Cavalos de Guerra
Seguindo os trilhos da América Profunda, deparamo-nos com um cruzamento onde se determina o destino da estreia americana da britânica Andrea Arnold ("American Honey") com "War Pony", não apenas unificada pela presença da atriz virada realizadora Riley Keough, mas é dela partido essa ramificação. Conta-se que durante as filmagens dos "meninos perdidos" em terras indomáveis, a estrela conheceu dois figurantes de origem Lakota [Franklin Sioux Bob e Bill Reddy], criando assim uma amizade possivelmente impulsionada pela ancestralidade da própria Keough (neta de Elvis Presley, cujo próprio músico tinha ligações, do lado da mãe, com nativos da tribo Cherokee). No término das filmagens, de forma a manter o contacto com os seus "novos" amigos, ela visita a reserva onde ambos residem. Para além das experiências, é aí que as sementes de "War Pony" são devidamente colhidas.

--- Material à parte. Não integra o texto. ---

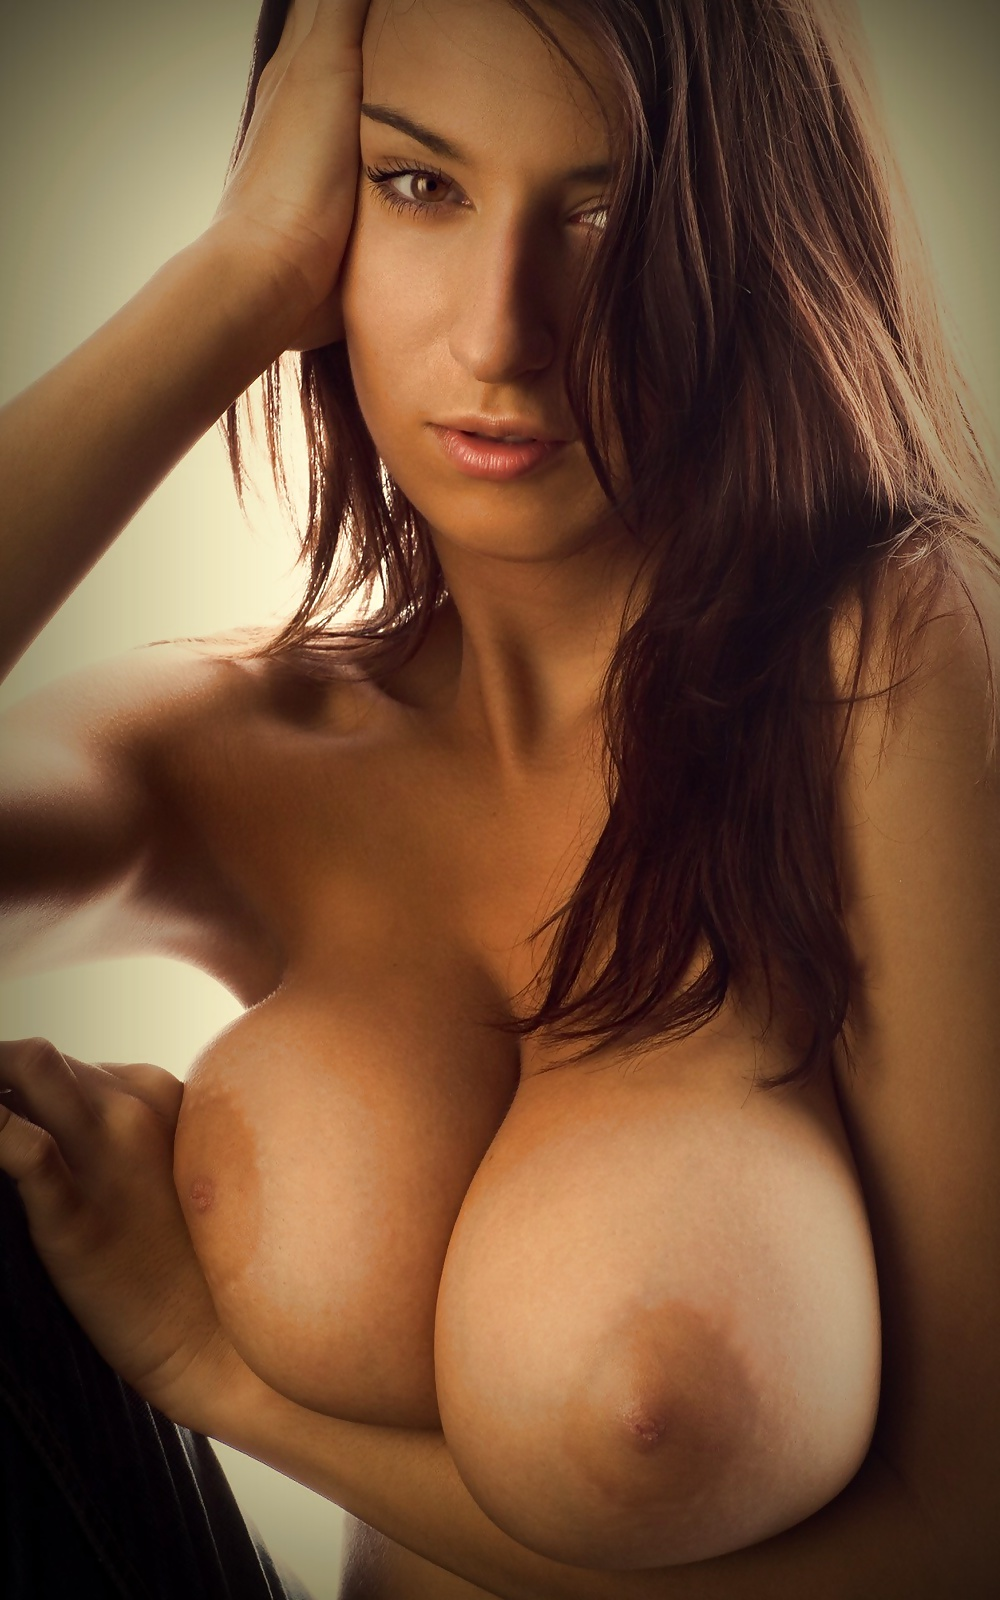 Big Tits Breasts

O filme recorre a um realismo desengonçado, dito e formalizado em muito do cinema norte-americano independente - a linguagem instável que oferece ao espectador uma voraz inquietação com o seu ambiente de violência social. Joga-se em duas histórias cruzadas, em infâncias negligenciadas e juventudes roubadas, fruto do desespero do seu próprio estatuto e das fracassadas políticas, quer de integração ou de reconstituição do nativo americano nos EUA. No entanto, esta panóplia de personagens são figurantes olvidadas, acima do white trash (esses seres humanos mal-amados e restringidos à “porno-miséria”, seja social ou até moral), persistindo na sobrevivência pelos seus escassos meios, desonrados ancestrais e às místicas entidades (o bisonte, que surge como alucinação, é a réstia dessa dignidade, a memória de uma ligação natural, desvanecida pelos vícios do capitalismo).
Portanto, "War Pony" é um filme que anseia captar as “vibrações” de uma miséria condenável, sem condescender os seus "peões" (era o que faltava!), mas a sua constante ficção “salta-pocinhas” faz com que se perca esse retrato, incentivando o espectador a conectar os dois pontos narrativos que nos são apresentados ao invés de “vislumbrar” pelo ecossistema aí registado (possivelmente funcionaria como documentário, mais do que qualquer outra ‘coisa’). É um regresso à comunidade, e ao que isso permite e insiste. Keough (com a sua amiga e argumentista Gina Gammell creditada na co-realização) revela-se emocionalmente dedicada à sua causa e às suas experiências materializadas, uma visão que lhe garantiu a Caméra D'Or para melhor primeira obra em Cannes, igualmente sustentando a tese de uma "fórmula" de simulacro realista (ou o que achamos ser realismo) que muito desse cinema tem vindo a apostar como a sua ofensiva indie e alternativa às produções megalómanas.